To complete this article, you need:

An Azure subscription. If you're using GitHub Models, you can upgrade your experience and create an Azure subscription in the process. Read Upgrade from GitHub Models to Azure AI model inference if that's your case.

Reasoning models

Reasoning models can reach higher levels of performance in domains like math, coding, science, strategy, and logistics. The way these models produces outputs is by explicitly using chain of thought to explore all possible paths before generating an answer. They verify their answers as they produce them which helps them to arrive to better more accurate conclusions. This means that reasoning models may require less context in prompting in order to produce effective results.

Such way of scaling model's performance is referred as inference compute time as it trades performance against higher latency and cost. It contrasts to other approaches that scale through training compute time.

Reasoning models then produce two types of outputs:

Reasoning completions
Output completions

Both of these completions count towards content generated from the model and hence, towards the token limits and costs associated with the model. Some models may output the reasoning content, like DeepSeek-R1. Some others, like o1, only outputs the output piece of the completions.

Create the resources

Azure AI model inference is a capability in Azure AI Services resources in Azure. You can create model deployments under the resource to consume their predictions. You can also connect the resource to Azure AI Hubs and Projects in Azure AI Foundry to create intelligent applications if needed. The following picture shows the high level architecture.

To create an Azure AI project that supports model inference for DeepSeek-R1, follow these steps:

Tip

You can also create the resources using Azure CLI or infrastructure as code with Bicep.

Go to Azure AI Foundry portal and log in with your account.
On the landing page, select Create project.
Give the project a name, for example "my-project".
In this tutorial, we create a brand new project under a new AI hub, hence, select Create new hub. Hubs are containers for multiple projects and allow you to share resources across all the projects.
Give the hub a name, for example "my-hub" and select Next.
The wizard updates with details about the resources that are going to be created. Select Azure resources to be created to see the details.
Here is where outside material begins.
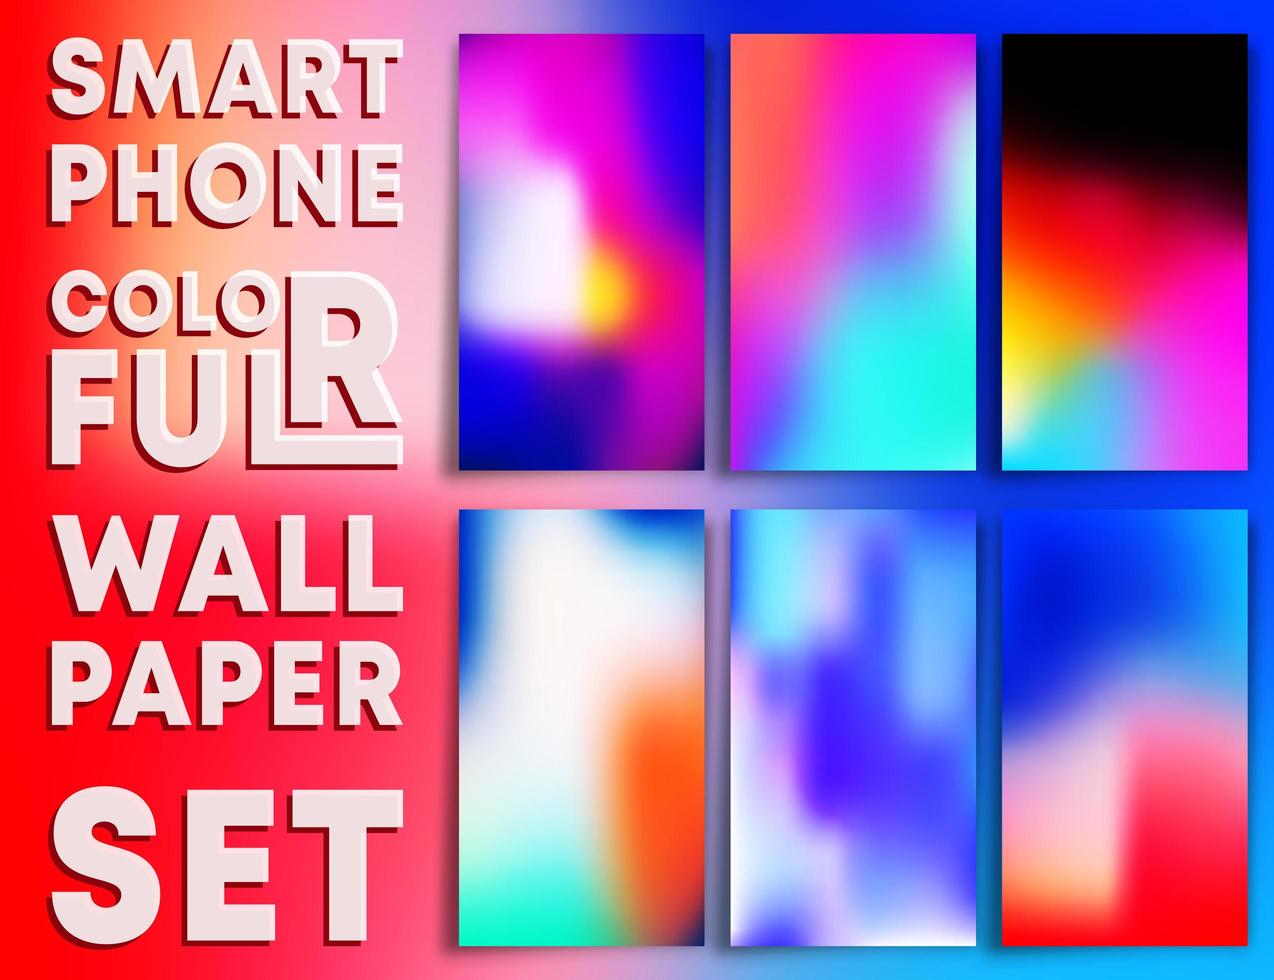 Plantillas de papel tapiz de textura degradada colorida para teléfonos inteligentes vector

You can see that the following resources are created:

Property	Description
Resource group	The main container for all the resources in Azure. This helps get resources that work together organized. It also helps to have a scope for the costs associated with the entire project.
Location	The region of the resources that you're creating.
Hub	The main container for AI projects in Azure AI Foundry. Hubs promote collaboration and allow you to store information for your projects.
AI Services	The resource enabling access to the flagship models in Azure AI model catalog. In this tutorial, a new account is created, but Azure AI services resources can be shared across multiple hubs and projects. Hubs use a connection to the resource to have access to the model deployments available there. To learn how, you can create connections between projects and Azure AI Services to consume Azure AI model inference you can read Connect your AI project.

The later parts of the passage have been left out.